I'll take a look, but I think it's because one of the json files has unquoted strings (which is not valid json)

The warnings can safely be ignored, maybe I should wrap the call in an invisible(). Or do you know a jupyter way to suppress the warnings for one cell? Like Rmarkdown {r cell_name warnings=FALSE}

gedankenstuecke commented 6 years ago

Great, thanks so much!
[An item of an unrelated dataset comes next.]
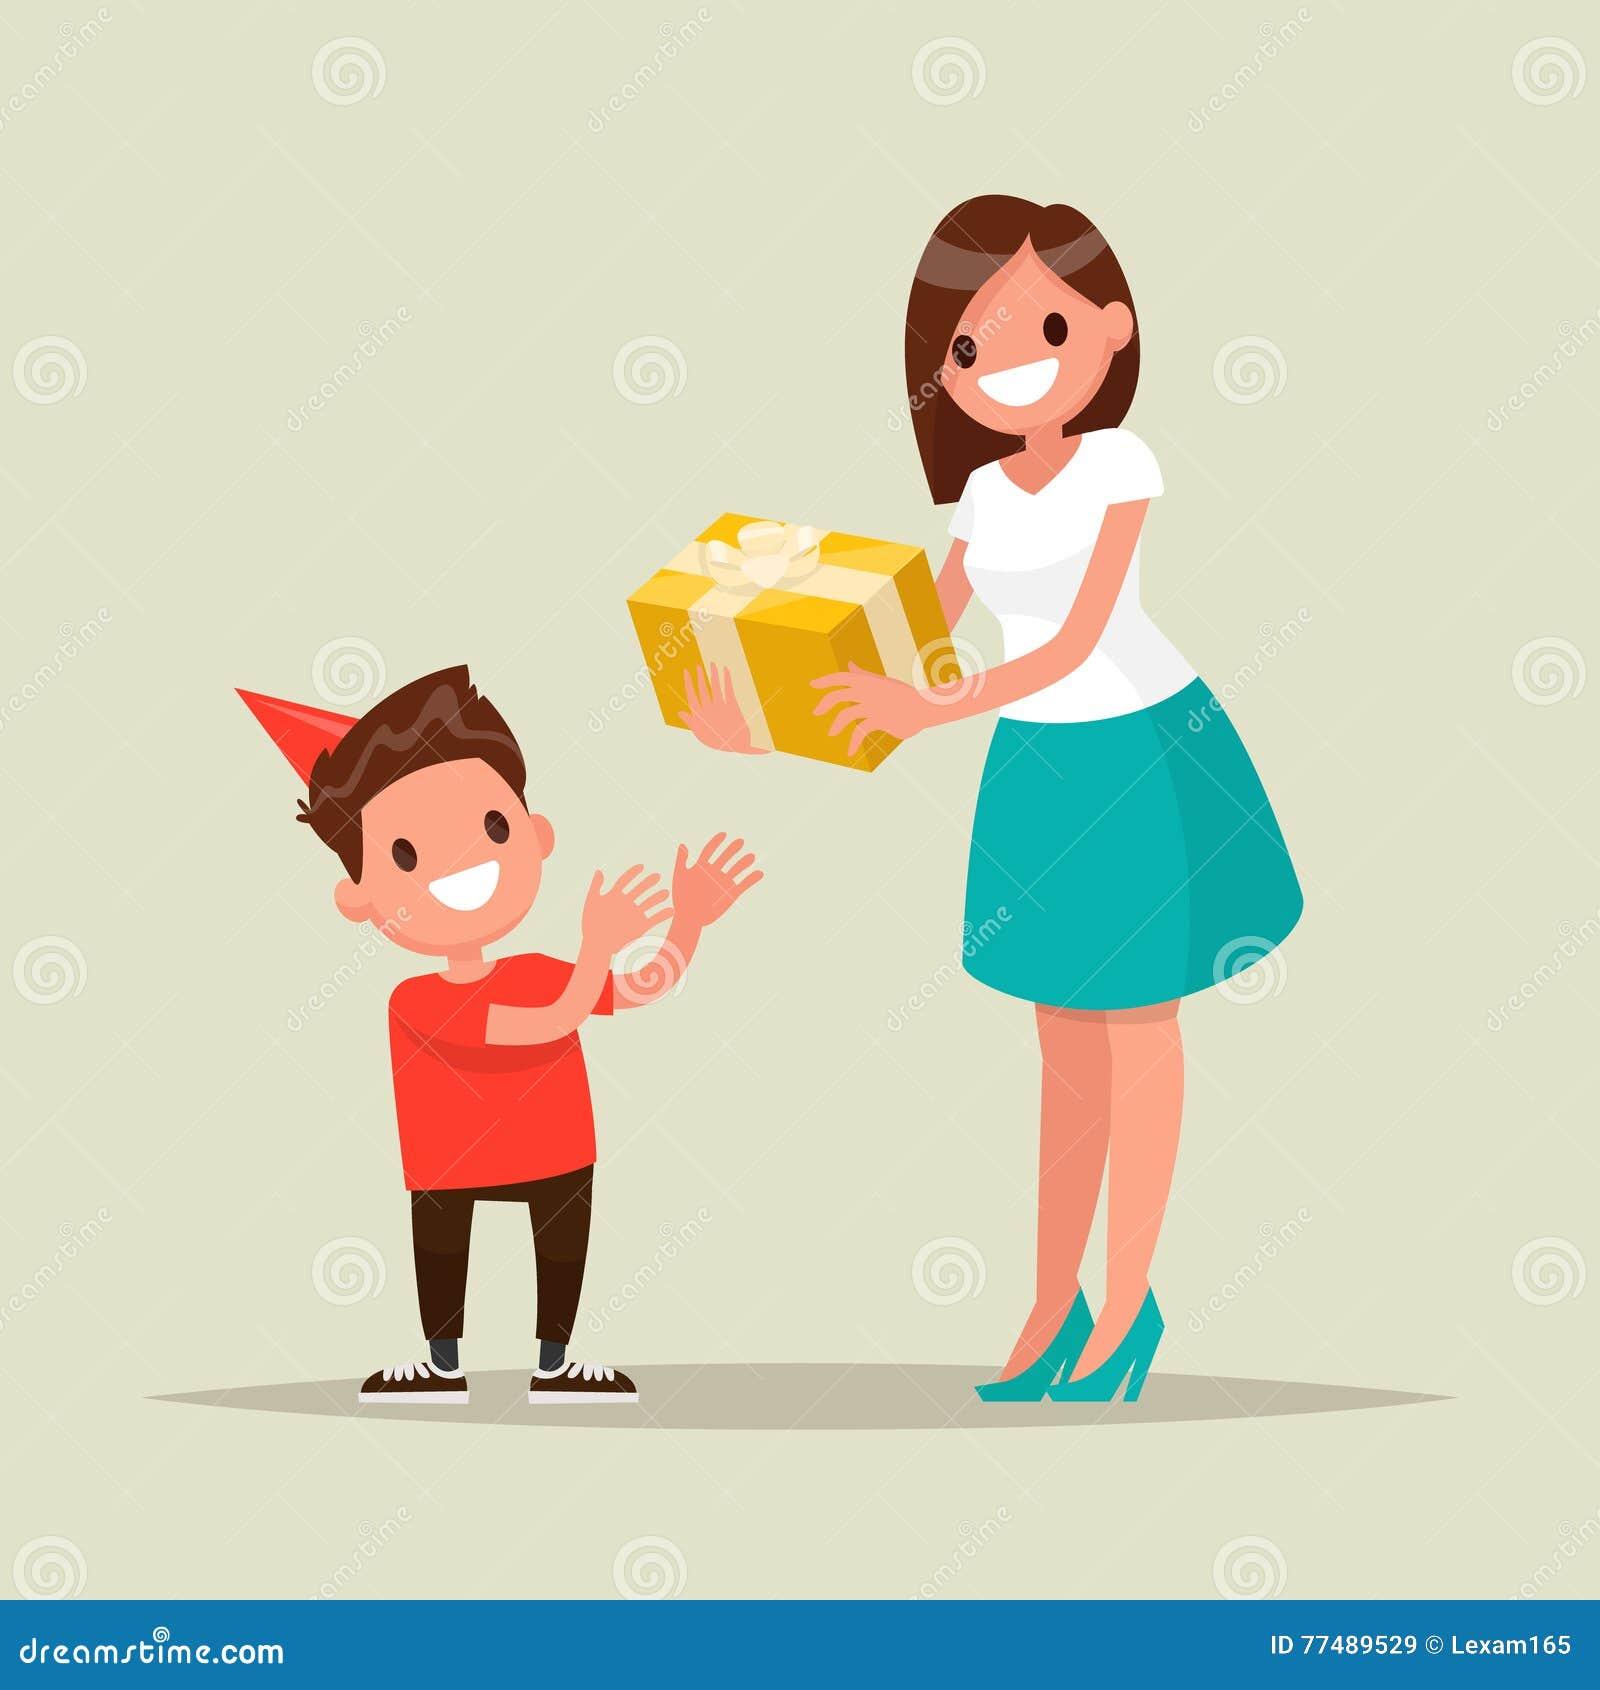 Children X27 S Geburtstag Mutter Gibt Sohn Ein Geburtstagsgeschenk

I was just asking as otherwise different package versions might be to blame for some weird behavior.

I'm not sure how to best turn off the warnings (my own R skills are basically limited to making things look nice thanks to the ggplot2 universe). According to google options(warn=-1) might do the trick to turn the warnings off globally.